Her mind was as slow as her body; her brain barely able to find words for the abstractions that drifted through her mind. Even when the words came, they were single scraps of sentences, not connected together into anything coherent.

… dead…

… neighbors…

… Tony…

… death…

… Laurie…

… draining… pumping… sucking… feeding…

Get up.

The simple fact that the two words were strung together into a single sentence brought a vague focus to her mind, and a tiny fraction of the crushing weight lifted from her spirit. Slowly, her mind began to process the simple command, to begin the sequence of actions that would carry it out.

She opened her eyes. Not in my own bed. Not in my own room.

She closed her eyes again to try to process the information her eyes had just sent her brain. An image began to form in her mind, an image of the tiny bedroom she and Brad had shared in the apartment on West 76th Street.

But that wasn’t right — there was a dim memory of another bedroom, a large bedroom with a crystal chandelier— Suddenly the memory snapped into focus. It was Tony’s bedroom… her husband Tony — the man she’d married after Brad.

Brad…

A terrible feeling of loneliness came over her, an aching in her heart that made tears well in her eyes. Where was Brad? That’s who she loved. Then why had she married Tony?

Who was Tony?

… dead…

Get up.

… dead…

Laurie!

Get up!

Once again she tried to galvanize herself into some kind of coherent action, to make her body respond to the commands in her mind. Opening her eyes, she peered at the walls around her. They were covered with wallpaper — pale green, with some kind of pattern. Bamboo?

She wasn’t sure.

But where was it?

A hotel? Why would she be in a hotel? Why wasn’t she at home?

She tried to sit up.

Tried, and failed. It was as if the weight was bearing down even harder on her, pressing her to the bed. She took another breath, this time trying to suck air deep into her lungs, to regain her strength by filling herself with oxygen. The effort nearly exhausted her, and the pain in her chest — a constriction that felt as if bands were wrapped around her — grew worse. Gasping against the constriction, she tried to catch her breath, then turned her head to look at the clock on the night table.

No clock. No table. Not my bed… not my room… where am I?

Now she tried to sit up again, this time using her arms to lift herself.

Once again she failed. Her arms — lying at her sides — were immobile.

Paralyzed! The word seared her brain, and a great wave of panic — a towering fear such as she’d never felt before — rose up in her, wiping every other thought from her mind, threatening to crash over her and destroy not only her courage, but her very sanity.

“Noooo!” The word erupted from her throat as a prolonged howl, but the sound itself turned the panic back, and as her fear receded, her mind began to work again. The single words drifting through her mind began to coalesce into full thoughts, fragments of memory into recognizable images. But what she was remembering had to be a nightmare — it couldn’t possibly be true!

A door opened, and a moment later a face — a woman’s face, surmounted by the kind of old-fashioned nurse’s cap Caroline remembered from childhood — loomed above her. The woman’s eyes were a liquid brown, and her lips were pursed with concern. Caroline felt the nurse’s fingers on her wrist, and saw her gazing at her watch as she counted Caroline’s pulse. The nurse nodded in satisfaction as she released Caroline’s wrist. “How are we feeling? Better?”

Caroline searched for the right words, but couldn’t find them.
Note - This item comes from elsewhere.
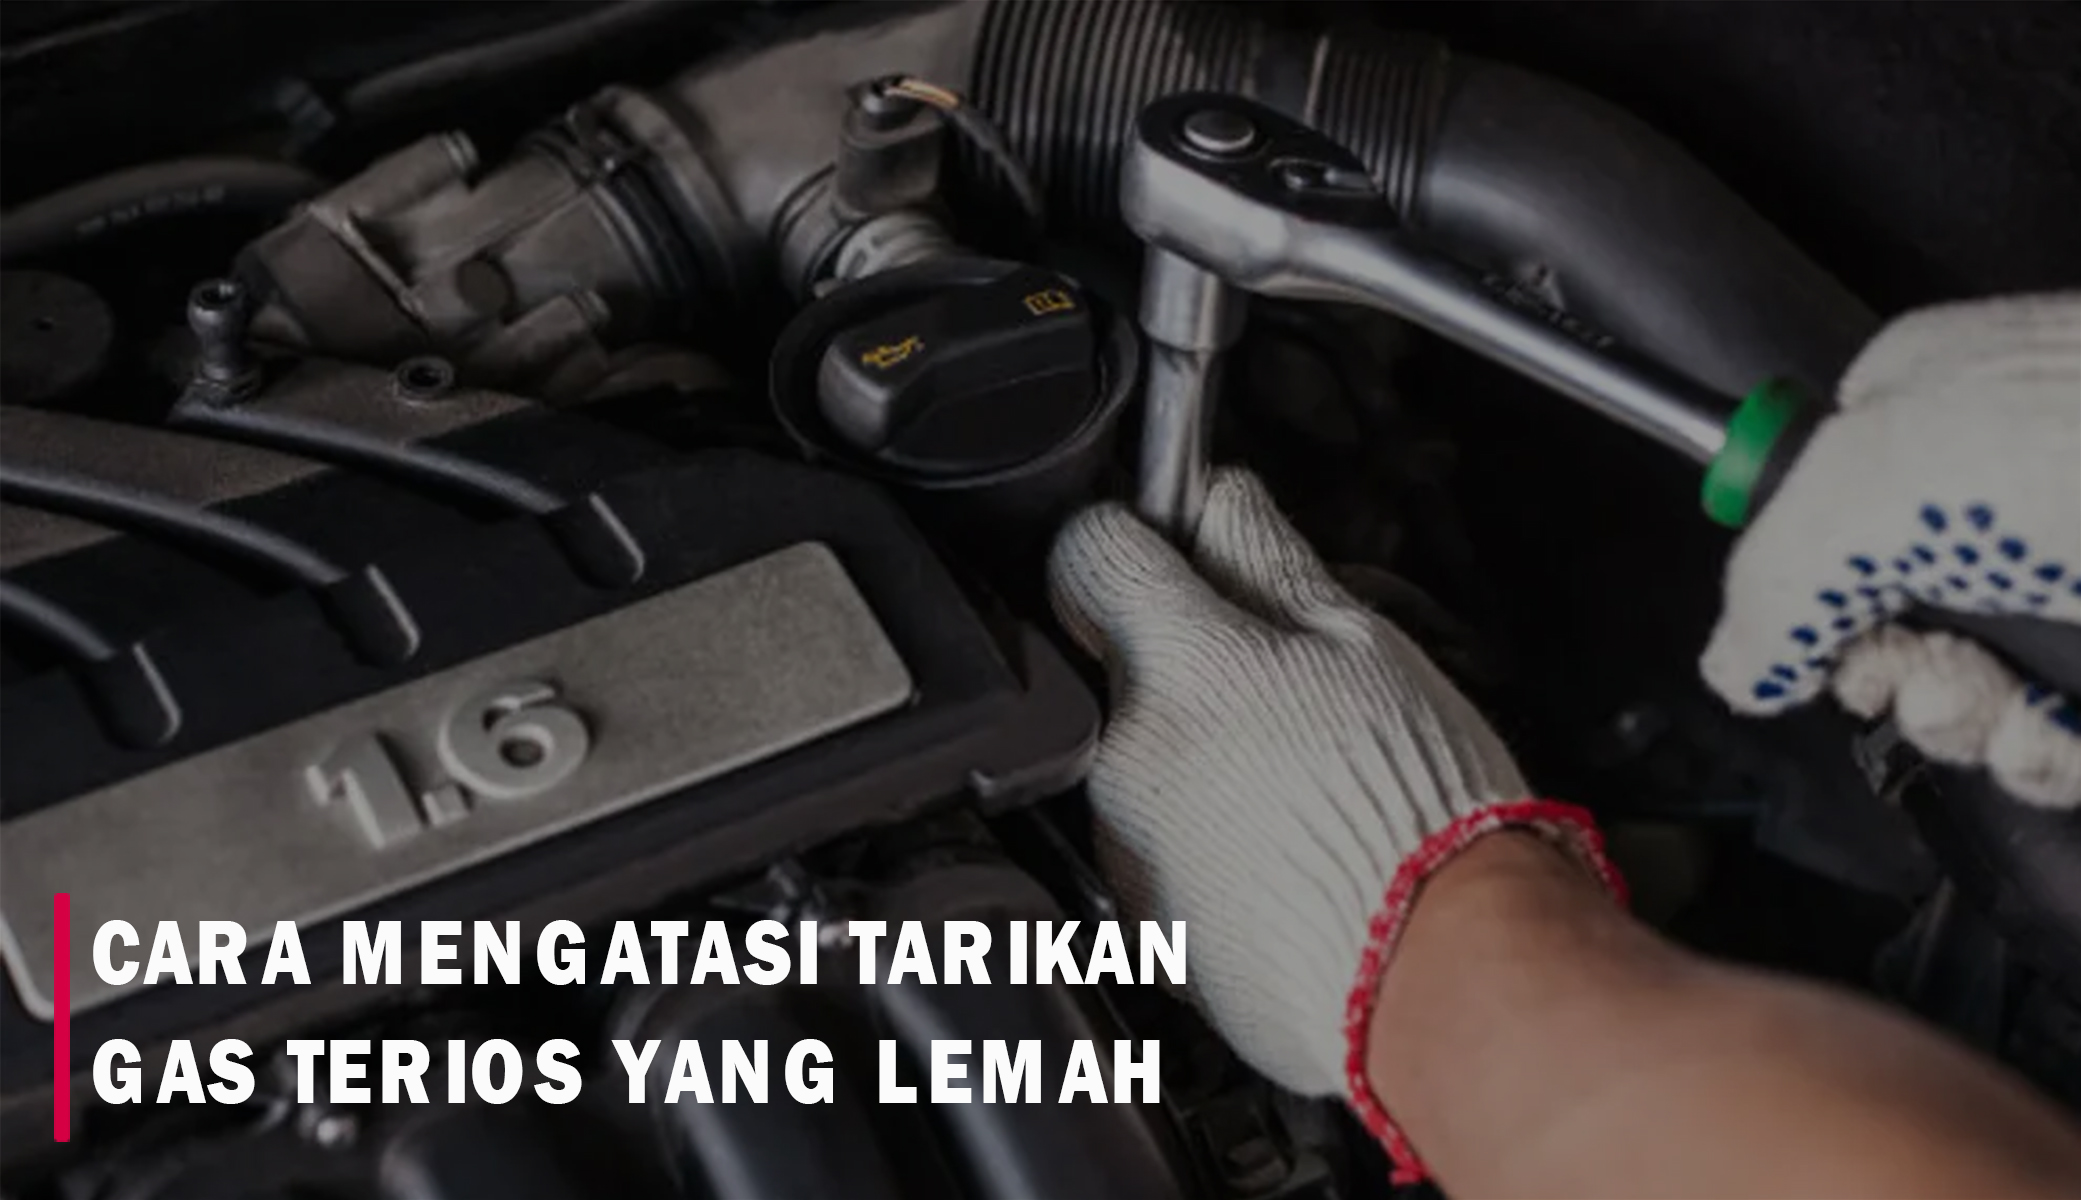 Solusi Tarikan Gas Mobil Daihatsu Terios Lemah, Periksa Komponen Berikut Ini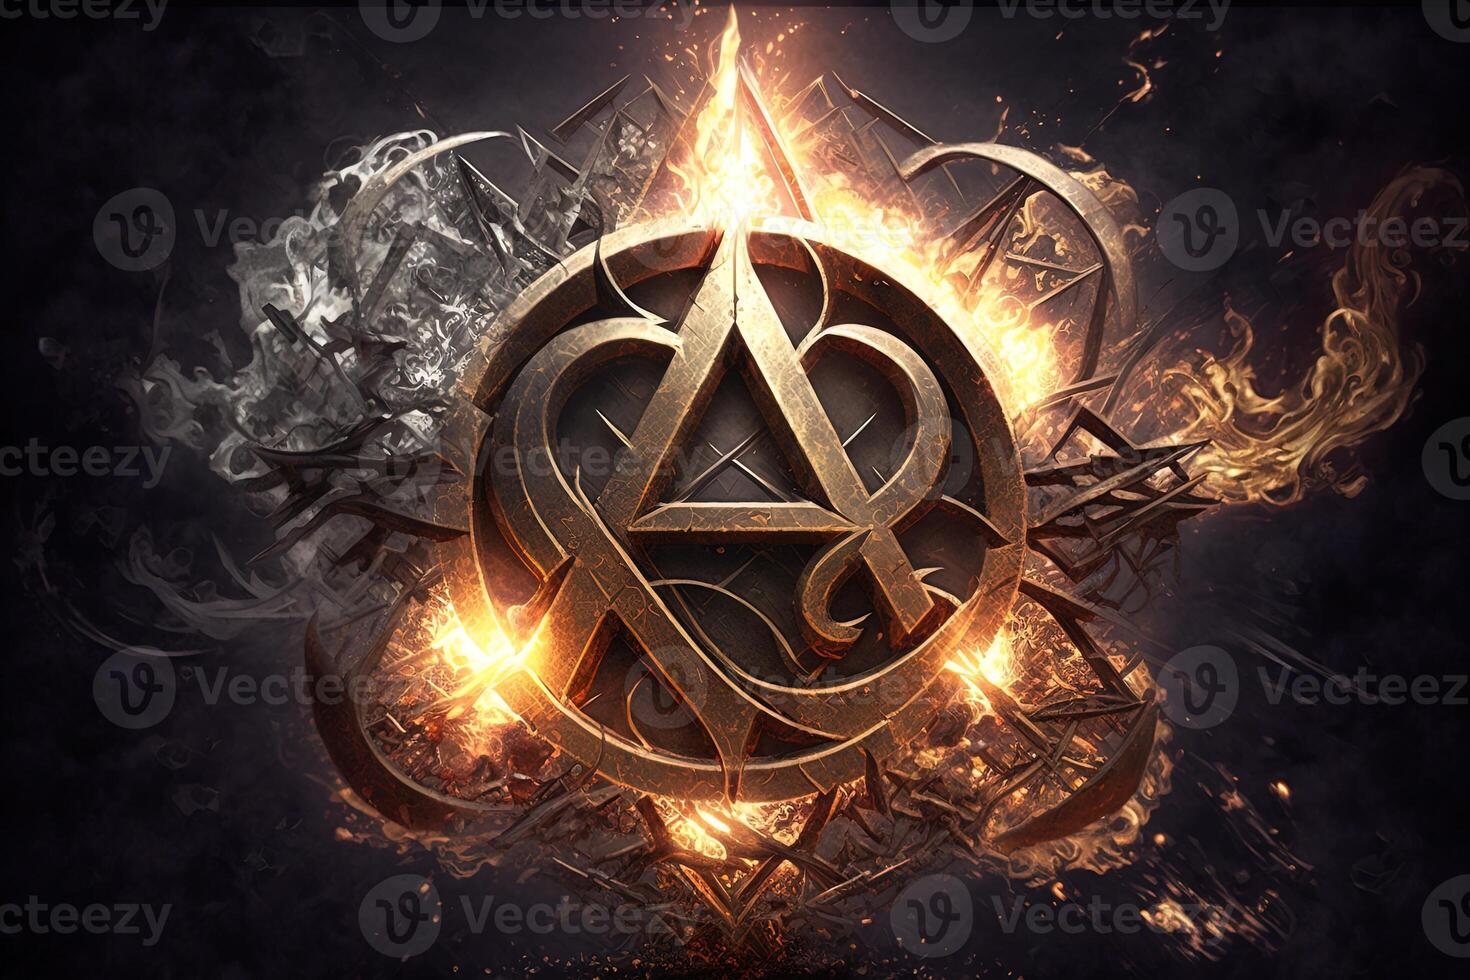 generativ ai hemlig symbol med effekt av brand och is. magi symbol, asgard symbol. runor och triangel symbol med guld och metall Färg. foto

What was ‘better’? Better than what? Was she sick? She didn’t remember being sick. All she remembered was the dream — the terrible dream where she’d seen Laurie and the neighbors and Tony—

“Wh-what…?” she heard herself stammer. “Wh-where…” But that wasn’t what she’d wanted to say. She wanted to know what had happened and where she was, only the words hadn’t formed in her mouth the way they had in her mind.